I did not read all of the works of William Patrick (W.P.) Kinsella, the Canadian author who took his own life by assisted suicide at the age of 81 on September 16.  In fact, except for the occasional re-reading of one of several short stories, I hadn’t read anything from him since 1996’s If Wishes Were Horses.  Following the release of that novel, Kinsella was injured by a van while walking, and for the rest of his life found the concentration, and the desire, necessary for his writing hard to come by.  After 1997, he would not release another novel—though he continued to publish short stories—until 2011.

Like most of Kinsella’s American audience, I came to his works through the 1989 movie Field of Dreams, based on Kinsella’s novel Shoeless Joe, itself an extension of his earlier short story “Shoeless Joe Jackson Comes to Iowa.”  I remember seeing the movie when I was 18 and being struck by the power of the storytelling.  References to old ballplayers were fine trivia points, even when the screenplay got details wrong, and added meat to the story. 

This led to the book…and then to others he had written.  Then I was primarily reading his baseball stories.  Baseball is a sort of American mythology.  James Earl Jones’ character is right when he tells Ray Kinsella that America has grown up with it; it was born, or at least came into its own, in our rebirth after the Civil War. 

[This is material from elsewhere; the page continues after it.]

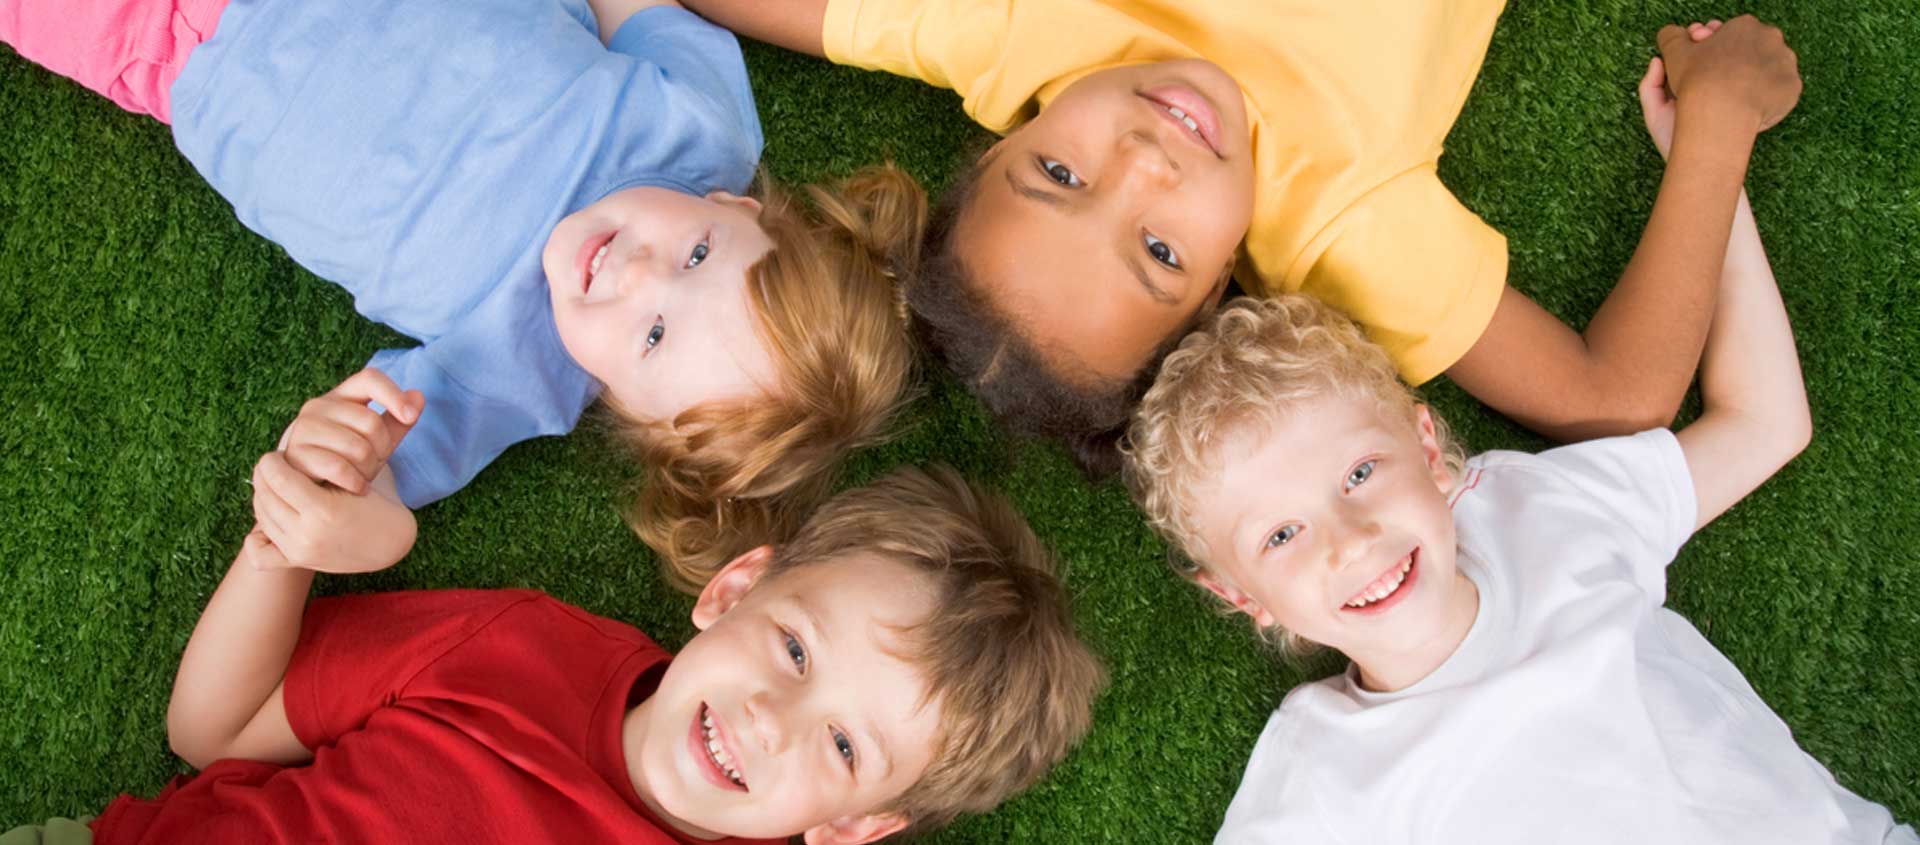 A diverse group of four children lay in the grass holding hands

Kinsella, a Canadian, didn’t have much to say about America, except indirectly, but he was the bard of baseball’s mythology.  Having earned his MFA at the University of Iowa, he had at least a passing acquaintance with the American “heartland,” and a feel for the rhythms of small town life that served him well in his writing.  For Kinsella the baseball diamond was the world rendered in miniature, encompassing its possibilities.  The two were tethered, indeed in several of Kinsella’s stories characters are seen to observe that, in theory, baseball diamonds extend to infinity, so all the world is contained in them.

Because of this anything that could happen, that might even be remotely possible, did happen.  A left field created out of an Iowa cornfield could summon the shade of “Shoeless” Joe Jackson.  Armageddon could logically hinge on one pitch, in which the Chicago Cubs either win or lose the National League pennant.  The New York Giants of the 1950s could be a collection of top-notch ballplayers and autodidacts, speaking an average of three languages each, allowing a fourteen-year-old stand-in for the author with an unerring eye to pinch hit. A cabal of devoted baseball fans, waiting for the end of the 1981 strike could, one square foot at a time, replace the artificial in Kansas City’s stadium. 

He wrote of games that went on for thousands of innings, in which gods and various otherwise inanimate objects joined; of twins who played catch in the womb, one destined to be a pitcher and the other a catcher; of baseball dreamers and schemers.  Sometimes baseball was the focus, sometimes it was the backdrop.  In his stories it provided order, and occasional tragedy, to the lives of characters, to the cosmos itself.    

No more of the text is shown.